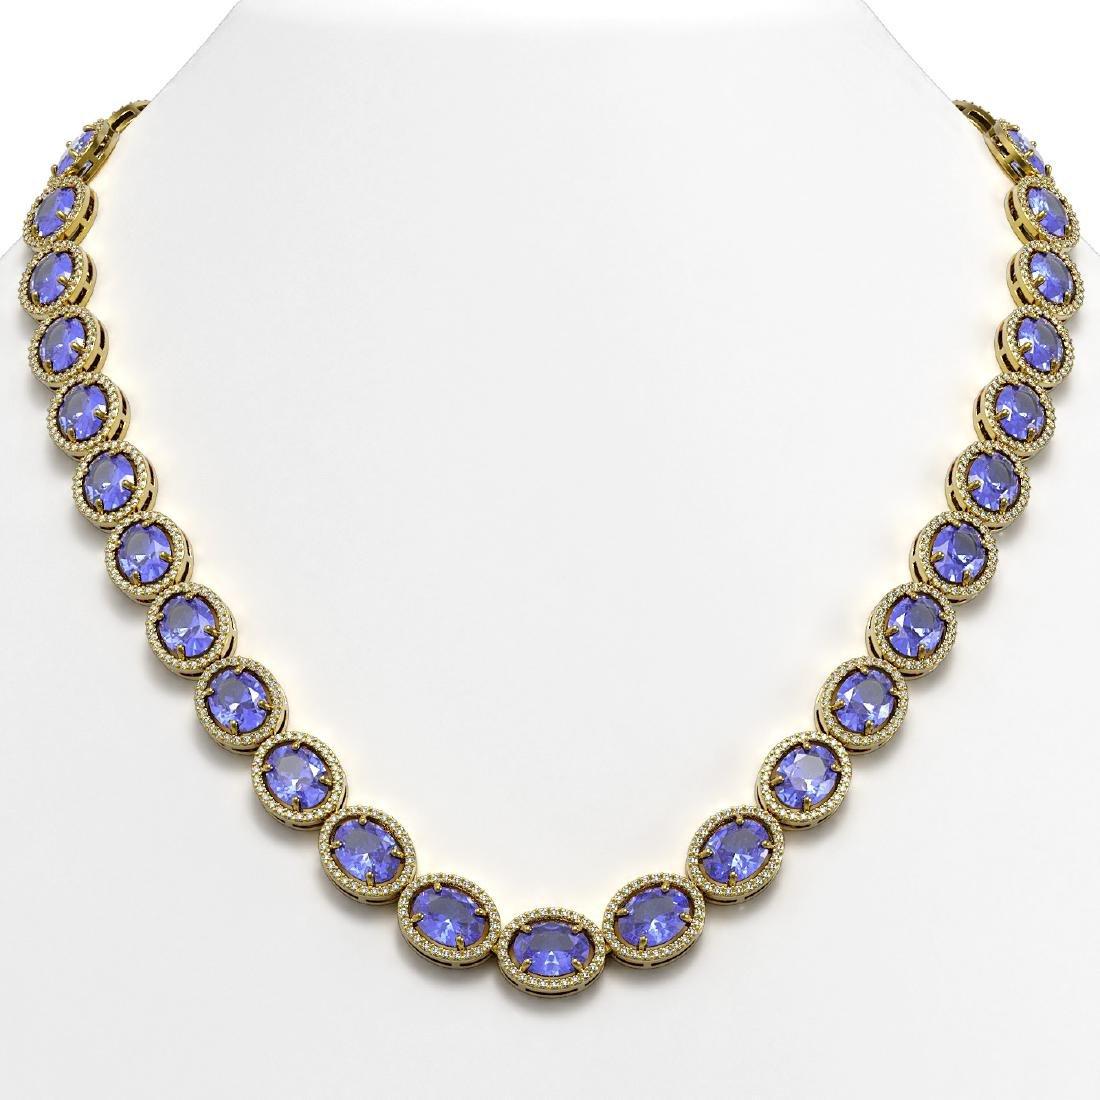 62.99 CTW Tanzanite & Diamond Halo Necklace 10K Yellow
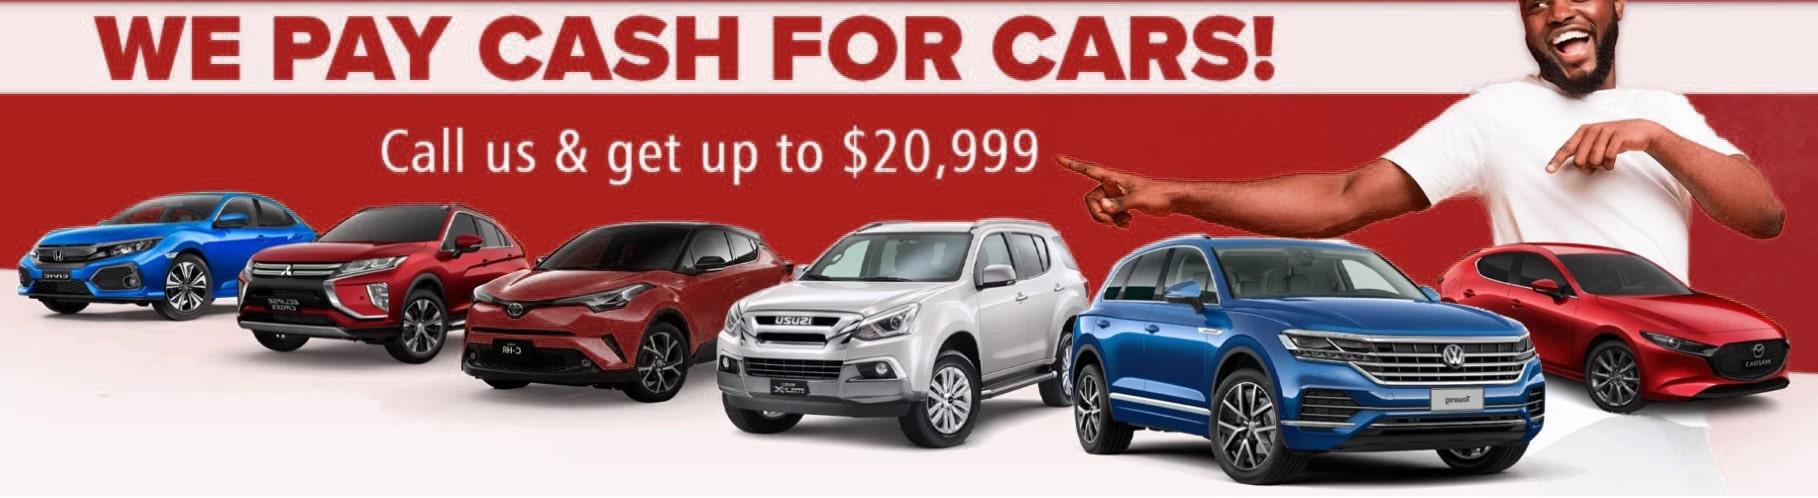 cash for cars melbourne vic
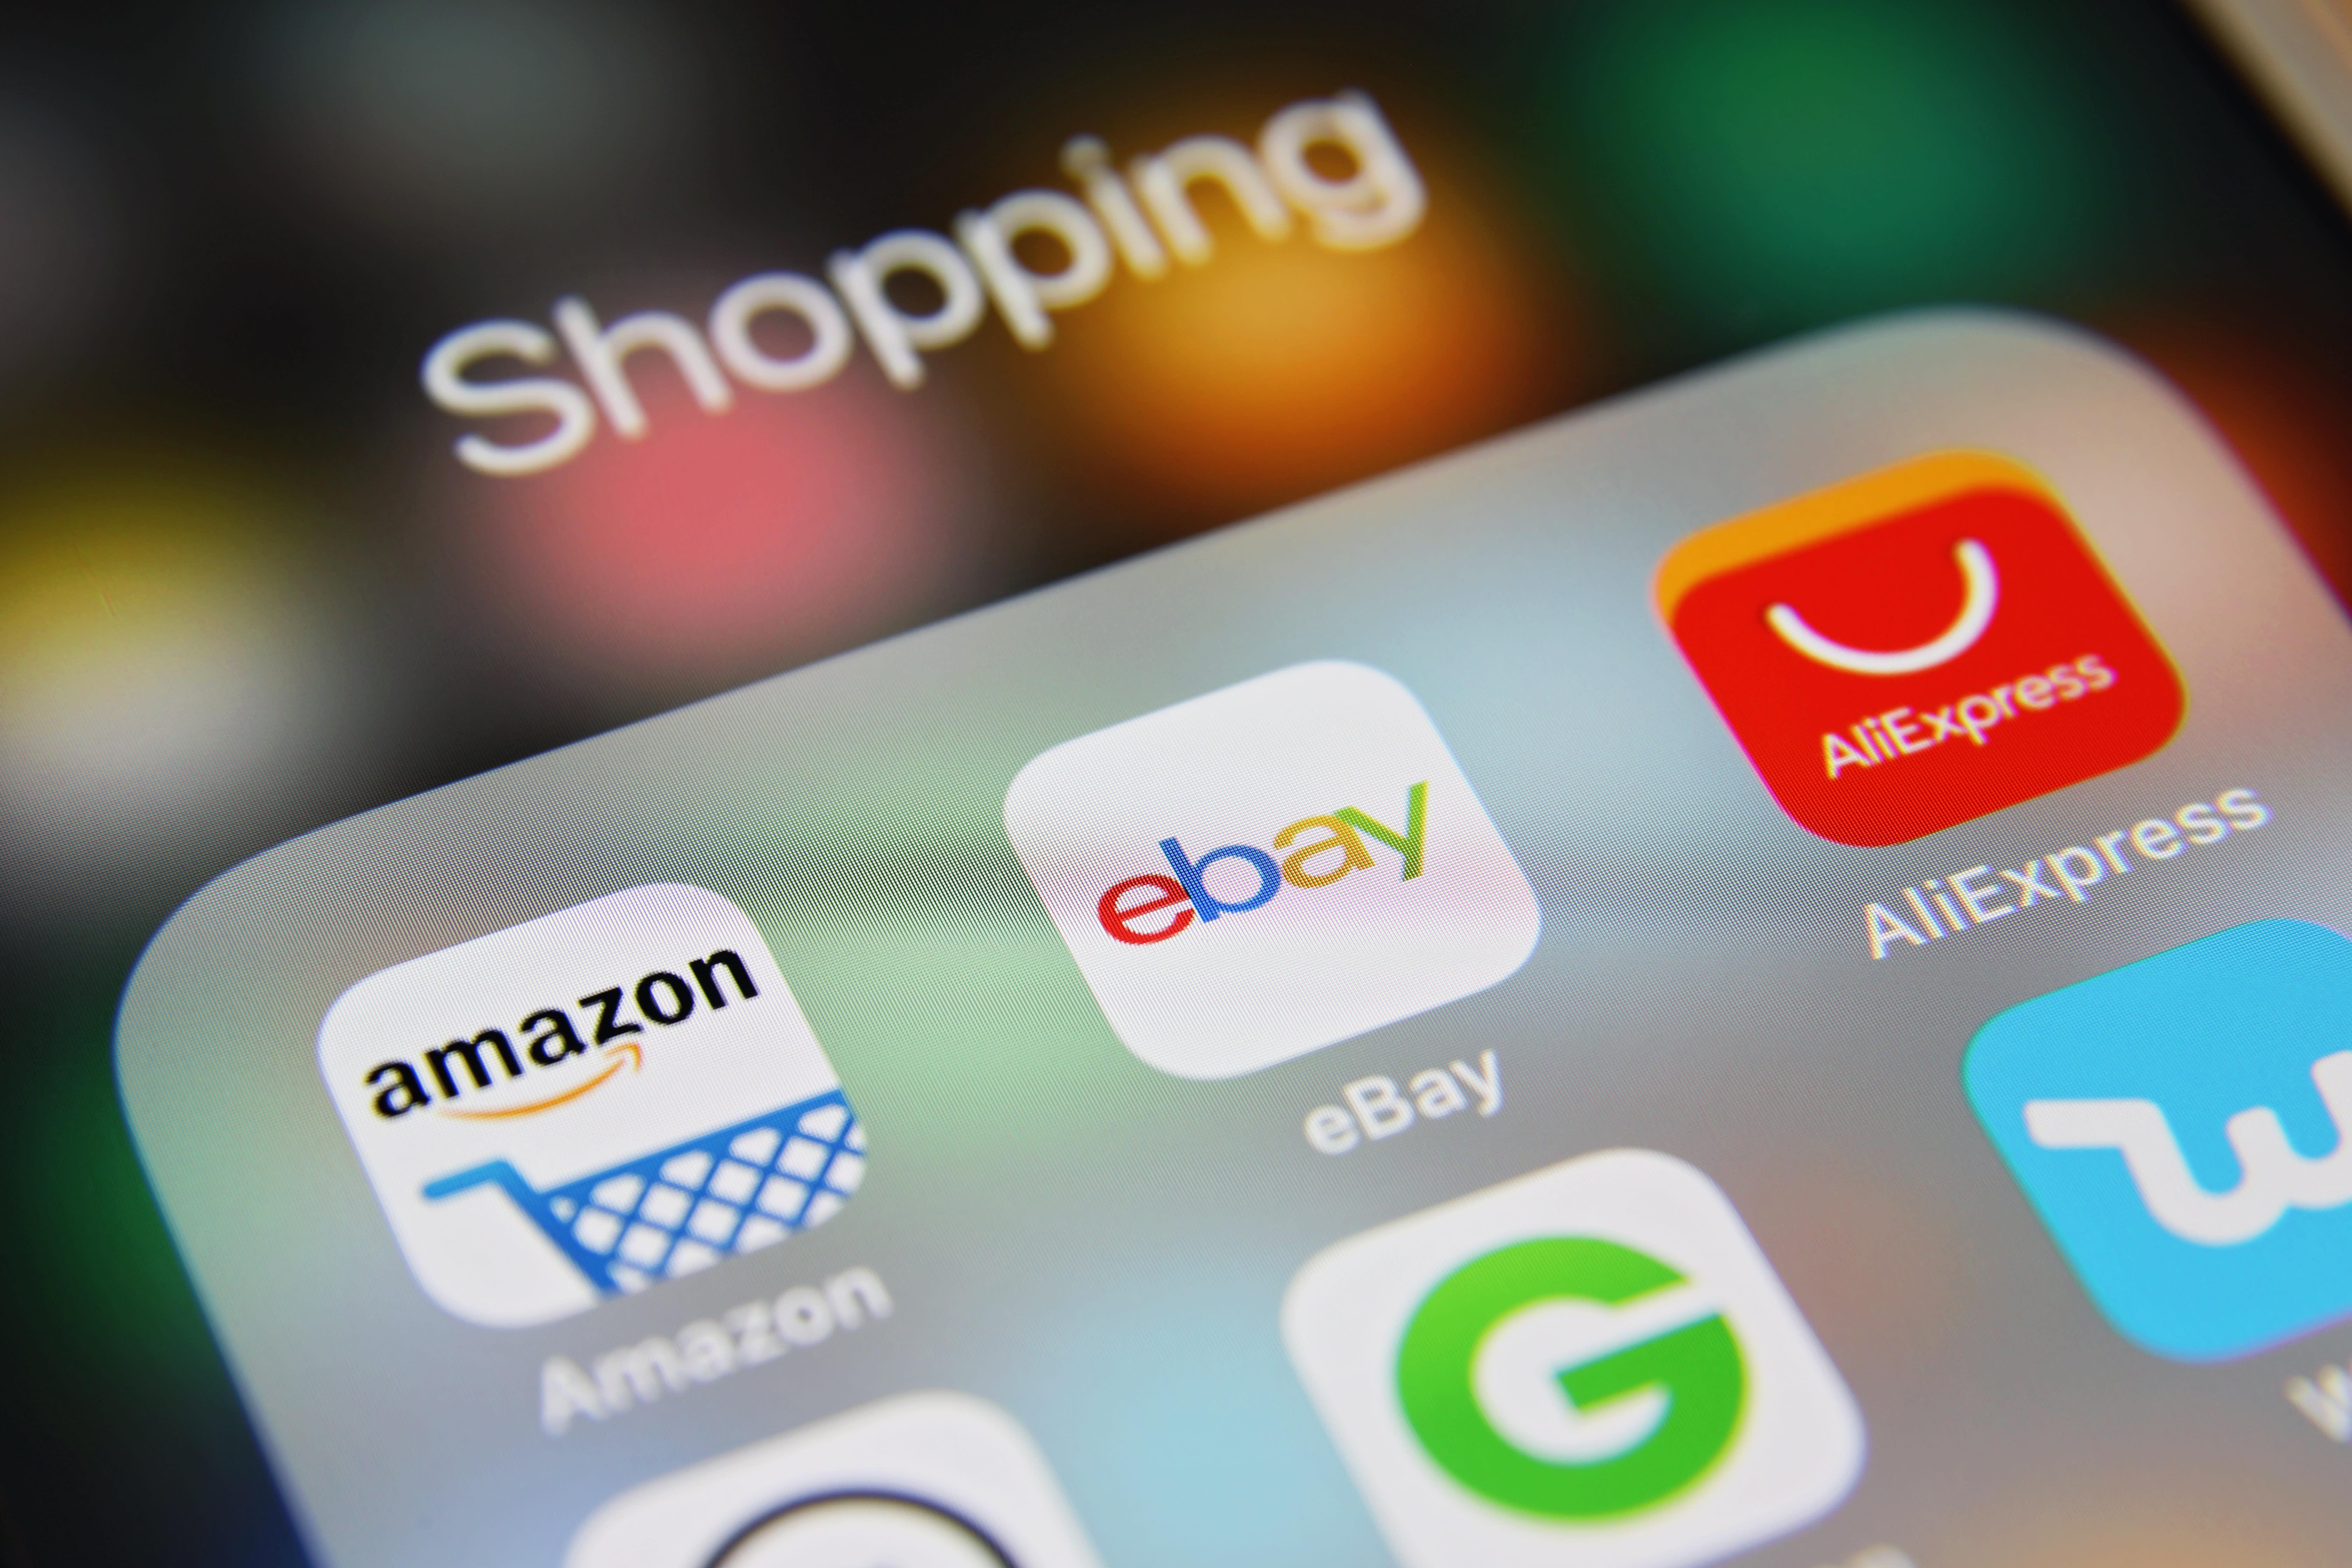 Ebay And Amazon Urged To Clamp Down On Coronavirus Profiteering

■ **Your objective**
The whole listing above, line by line, needs to be copied exactly, except for any images.

■ **Reply**
 62.99 CTW Tanzanite & Diamond Halo Necklace 10K Yellow
 cash for cars melbourne vic
 Ebay And Amazon Urged To Clamp Down On Coronavirus Profiteering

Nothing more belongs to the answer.